O filme é um hino ao amor ou uma sinfonia ao ser humano enquanto individuo imperfeito. Sim porque, como sempre, Charlie Kauffman preferiu escrever sobre pessoas vulgares, cheias das imperfeições do dia a dia, em vez de versar na habitual ladainha dos bons contra os maus, os perfeitos e os imperfeitos. Como na vida aqui não há nada disso. Há pessoas que estão desorientadas, perdidas, que precisam de uma bussola. E quando nenhuma lhes surge diante dos olhos preferem apagar tudo a digerir os momentos menos bons da sua vida, as estórias infelizes, os momentos que nunca deviam ter existido. É essa a premissa do argumento de Kauffman. E é também, como o leitor deve saber, a premissa da vida!
Quantos de nós já não desejaram ter a oportunidade que este filme oferece. De apagar o que nos incomoda, e incomodará para sempre? Quantos já não se arrependeram de algo e quiseram que isso desaparecesse da memória de alguma forma? Quantos de nós não recorreriam ao doutor Howard Mierzwiak?
Muitos suponho. Está na nossa natureza, e este filme é isso mesmo. Uma procura das falhas da natureza humana. Mas é uma procura optimista - há sempre um esgar optimista na visão analítica de Kauffman - uma procura do lado bom das coisas. E se aquilo que apagamos não devesse ter sido apagado? E se sentissemos falta amanhã do que nos repugna hoje? Então o que fariamos? Reincidiriamos, como a pobre Mary? Será que a vida nos colocaria de novo na mesma linha de onde tinhamos descarrilado por opção nossa? Ou será que tudo estaria de facto perdido...para sempre?

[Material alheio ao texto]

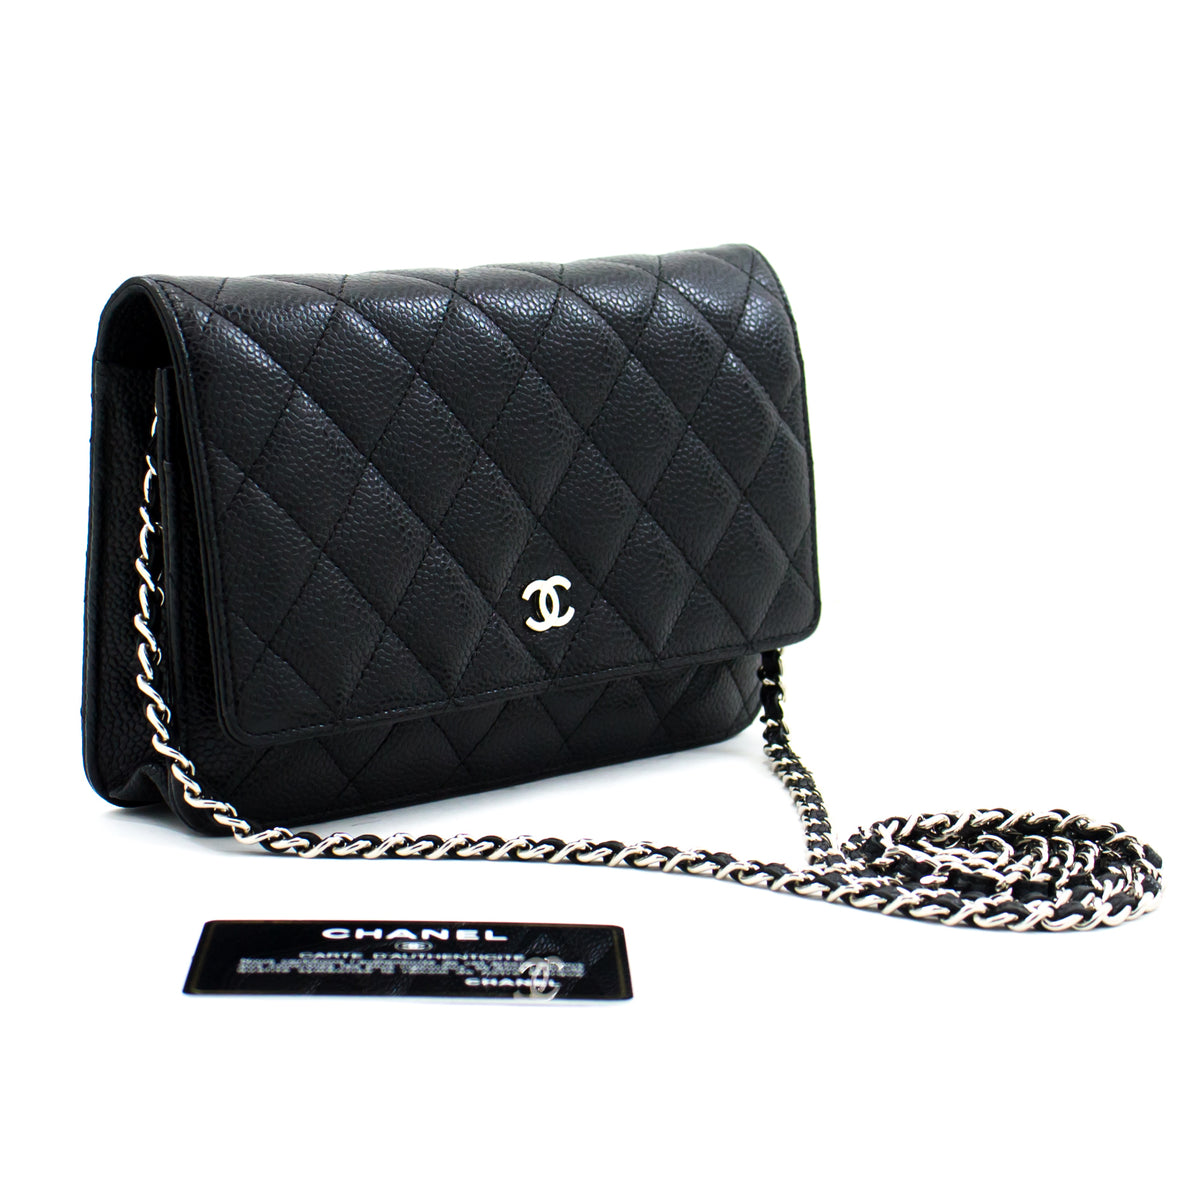 Chanel Large Classic Handbag 11Chain Shoulder Bag Flap Black Lamb h44
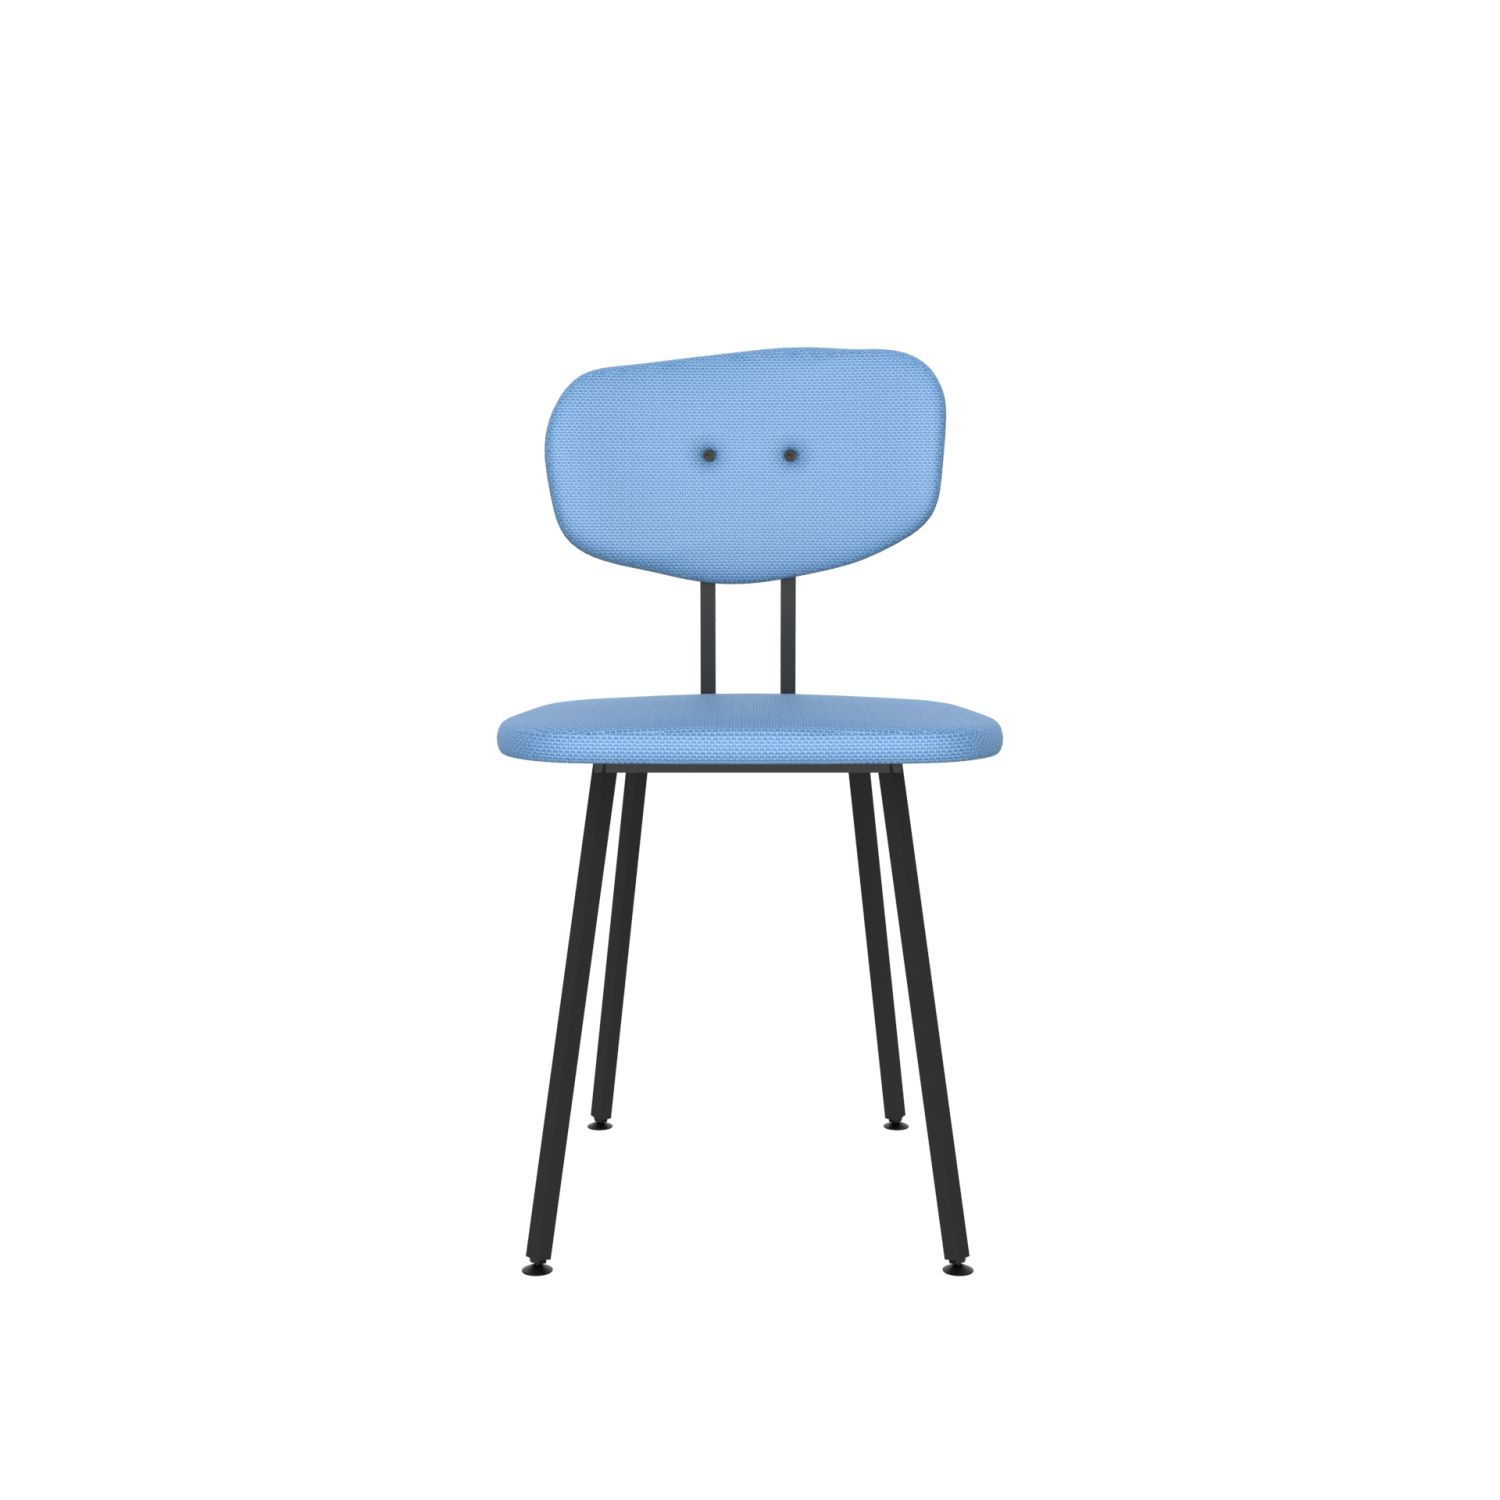 lensvelt maarten baas chair 101 not stackable without armrests backrest c blue horizon 040 black ral9005 hard leg ends

Apesar de surreal por vezes, até mesmo psicadélico em alguns momentos da juventude de Joel Barish, este filme é muito simples e lírico. É muito apontado ao coração do espectador. Os efeitos especiais - nota-se aqui a influência de um homem como Gondry que conhece bem os meandros dos videoclips e da direcção artistica - são importantes para dar uma dinâmica visual ao filme, mas o que de facto nos prende é a relação amorosa que precorre todo o filme. Apesar de terem tentado apagar as memórias das suas relações, nunca em algum momento, tivemos duvidas que Joel e Clementine se amam profundamente. Não era preciso aquele inicio carinhoso, ou o final comovente, porque mesmo nas discussões, nos desabafos ou nas crises o amor - aquilo que verdadeiramente atravessa todo o filme permanecendo imutado - está lá.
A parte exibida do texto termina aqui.